EXHIBIT 10.(i)(L)(2)
THE BANK OF NEW YORK
THE BANK OF NOVA SCOTIA
March 27, 1997
Signature Financial/Marketing, Inc.
000 Xxxxx Xxxxxxxxxx Xxxx
Xxxxxxxxxx, Xxxxxxxx 00000
Gentlemen:
We refer to the Credit Agreement dated as of September 27, 1997, as amended and
restated as of October 21, 1996 and as amended as of December 23, 1996 among
Signature Financial/Marketing, Inc., various Banks, BNY, and BNS (the "Signature
Credit Agreement").
The Bank of New York ("BNY") and The Bank of Nova Scotia ("BNS") have been
advised by Xxxxxxxxxx Xxxx & Co., Incorporated ("Xxxxxxxxxx Xxxx") that
Xxxxxxxxxx Xxxx plans to enter into a Limited Waiver and First Amendment (the
"Waiver and Amendment") to the Note Purchase Agreements dated as of March 1,
1993 between Xxxxxxxxxx Xxxx and the note purchasers thereunder (the "Note
Agreements") with the holders (the "Noteholders") of the notes (the "Notes")
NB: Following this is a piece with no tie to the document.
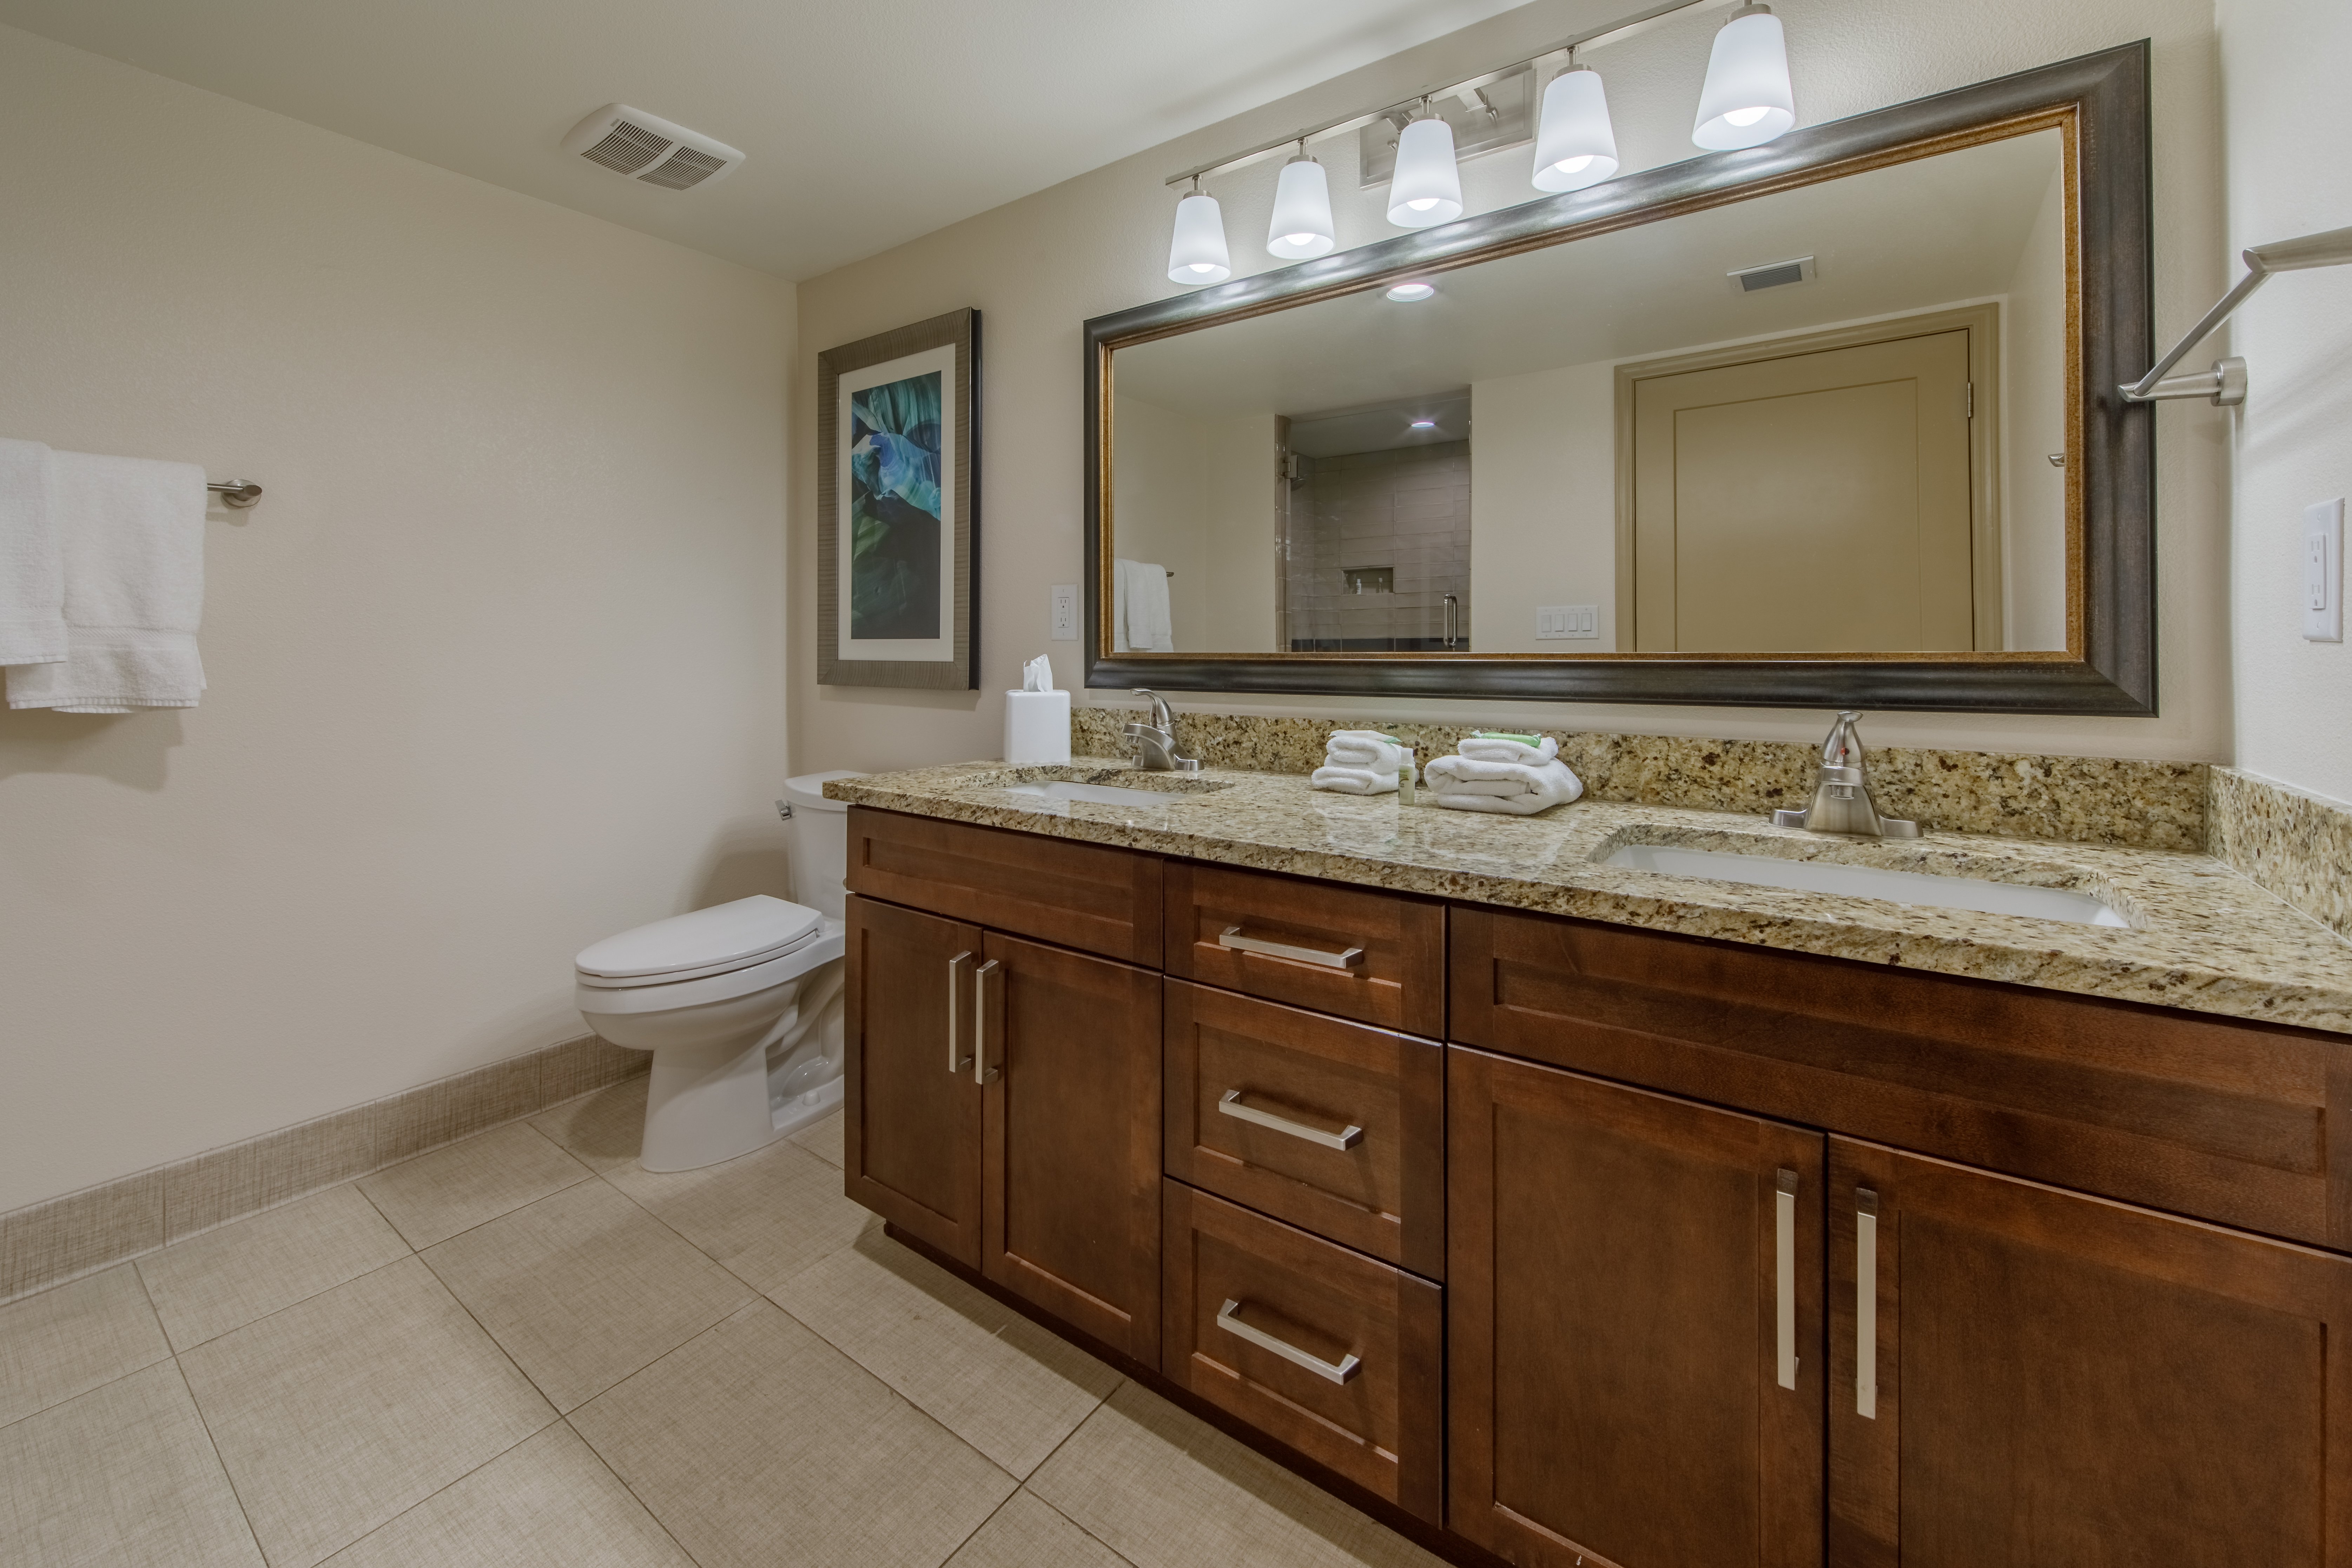 Master bathroom offers 2 sinks with plenty of counter space

issued under the Note Agreements. The Waiver and Amendment provides for the
waiver by the Noteholders for the periods prior to and including June 27, 1997
of compliance by Xxxxxxxxxx Xxxx with the minimum shareholders equity and
priority debt tests under the Note Agreements and provides for the payment of a
waiver fee to the Noteholders, an increase in interest rates on the Notes, a
shortening to August 29, 1997 of the maturity of the Notes and the imposition of
certain additional covenants and restrictions on Xxxxxxxxxx Xxxx.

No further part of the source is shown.